» **WORK INSTRUCTION**:
Each entry below should be restated word for word, without any picture it contains.

────────

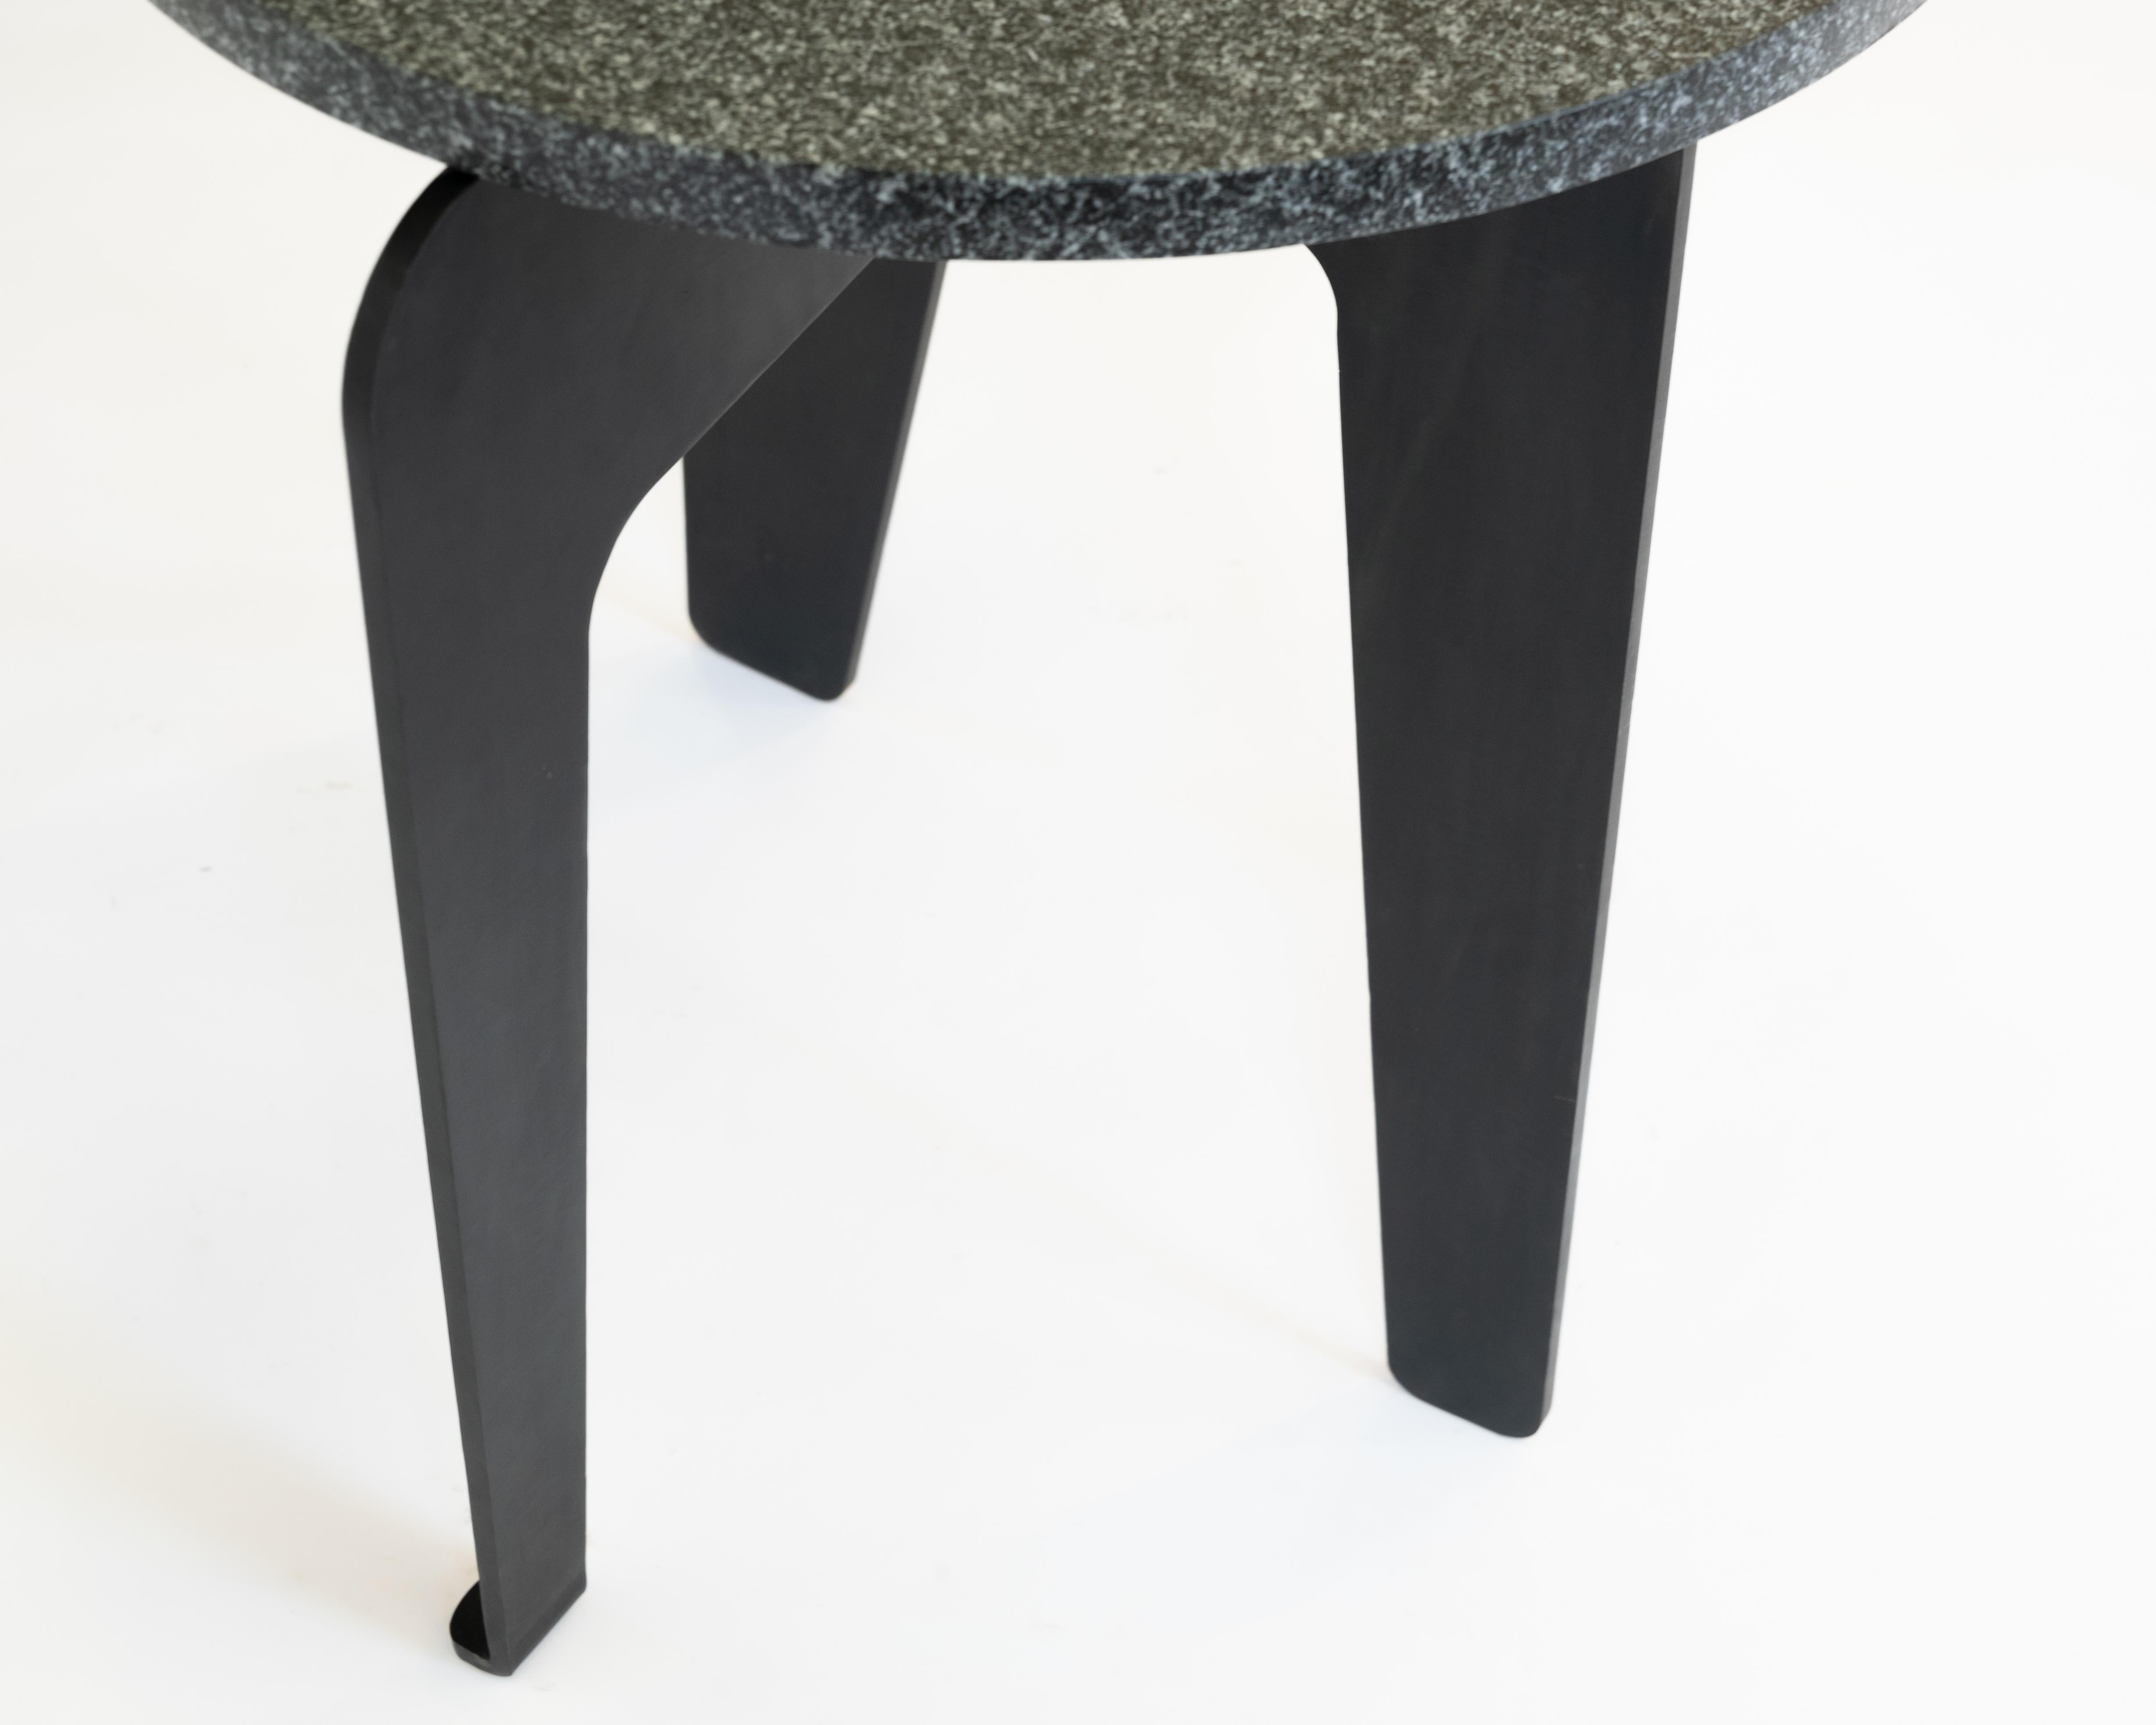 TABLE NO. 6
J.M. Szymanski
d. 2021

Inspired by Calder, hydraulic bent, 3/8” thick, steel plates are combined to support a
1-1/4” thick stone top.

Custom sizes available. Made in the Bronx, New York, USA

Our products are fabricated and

────────

» **SOLUTION**:
 TABLE NO. 6
J.M. Szymanski
d. 2021

Inspired by Calder, hydraulic bent, 3/8” thick, steel plates are combined to support a
1-1/4” thick stone top.

Custom sizes available. Made in the Bronx, New York, USA

Our products are fabricated and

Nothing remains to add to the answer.